Jonathan Himmelfarb, director of the Kidney Research Institute at the UW, says his organization receives about 90 percent of its funding through NIH grants. NIH cuts will slow down the institute’s work and “reduce its scope and ambition,” he says, including research on improved treatments for diabetes and a host of other kidney-related diseases. “In a million ways,” Himmelfarb notes, “this constrains what we can accomplish for the public good.”

The loss of potentially lucrative research isn’t the only serious damage the sequestration cuts could cause. Perhaps even more important is the potential “brain drain” regionally.
The UW was founded in 1861, only a decade after the first European settlers arrived here. Research, education and innovation have been central to the Northwest from the beginning. Slattery says this is the reason the “intellectual economy and ecology” around Puget Sound is so strong. It’s the reason the Fred Hutchinson Cancer Research Center—ranked as a top recipient of NIH funding among independent research institutions—was founded in Seattle. The Bill & Melinda Gates Foundation was inspired by the global health work already occurring in Microsoft’s backyard, Cohen argues.

However, unlike places with well-established startup communities—such as parts of California—Slattery says, “The Puget Sound [region] has not yet reached [a] critical mass of startup-capable people. A few people leaving will have a big impact. Our area gets richer by attracting and retaining as many of those people as we can.”

If top foreign scientists decide not to come to Washington, or bright young minds believe a career in biomedical research has become too unstable, the foundations of the innovation economy grow shakier. Postdoc and graduate students are among the hardest hit by the sequestration, Slattery confirms. Cohen adds that among the dozens of biotech organizations she has surveyed, most are laying people off, doing less hiring or both.
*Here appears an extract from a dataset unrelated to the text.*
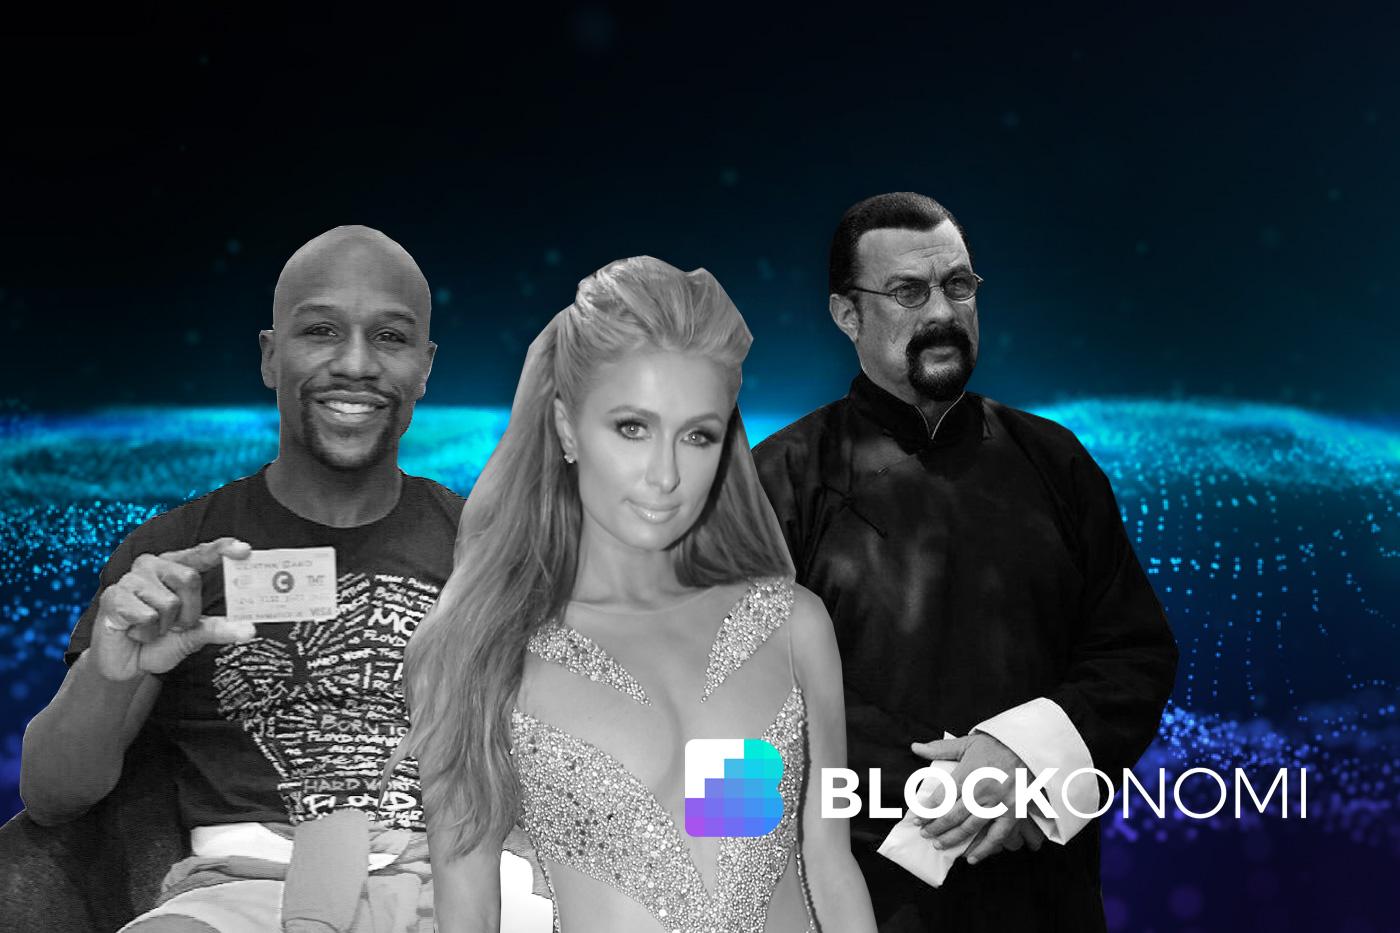 Celebrities Cryptocurrency

“We risk losing young, promising researchers who have trained at our most prestigious universities to be world-class scientists,” says Larry Corey, president and director of Fred Hutchinson Cancer Research Center, who notes that 70 percent of the Hutch’s funding comes from NIH. “Most of these people have spent over a decade in this training and face leaving their chosen field forever because of lack of such funding.”

That funding is not beyond saving, though a toxic congressional environment makes it difficult. U.S. Senator Patty Murray, D-Washington, has spoken out against the NIH cuts, as has U.S. Representative Jim McDermott, D-Seattle. U.S. Representative Dave Reichert, R-Auburn, was an outspoken advocate for increased NIH funding in the past, but has been relatively quiet about the sequestration cuts, perhaps because the 2014 House Republican budget proposes doubling the cuts from the 5.1 percent trimmed under the sequester to more than 10 percent.

Some on the right, such as the Heritage Foundation’s T. Elliot Gaiser and Jason Lloyd, believe NIH budget cuts will simply force the organization to eliminate inefficiencies, that is, do more with less. Those in the biomedical industry call this view mistaken. Slattery and others describe the NIH grant process as becoming more arduous and competitive every year.

Despite the situation, Slattery portrays the attitude at the UW and other research institutions as guardedly optimistic. For now. “You can’t be a pessimist if you’re a research scientist. You have to be realistic, but also optimistic in some ways,” he says. “You have to believe a breakthrough is possible…. You just have to hope that people will understand how important this is and that private funding can’t fill the gaps. You hope that things will become more predictable and smarter, even if the evidence sometimes says the opposite.”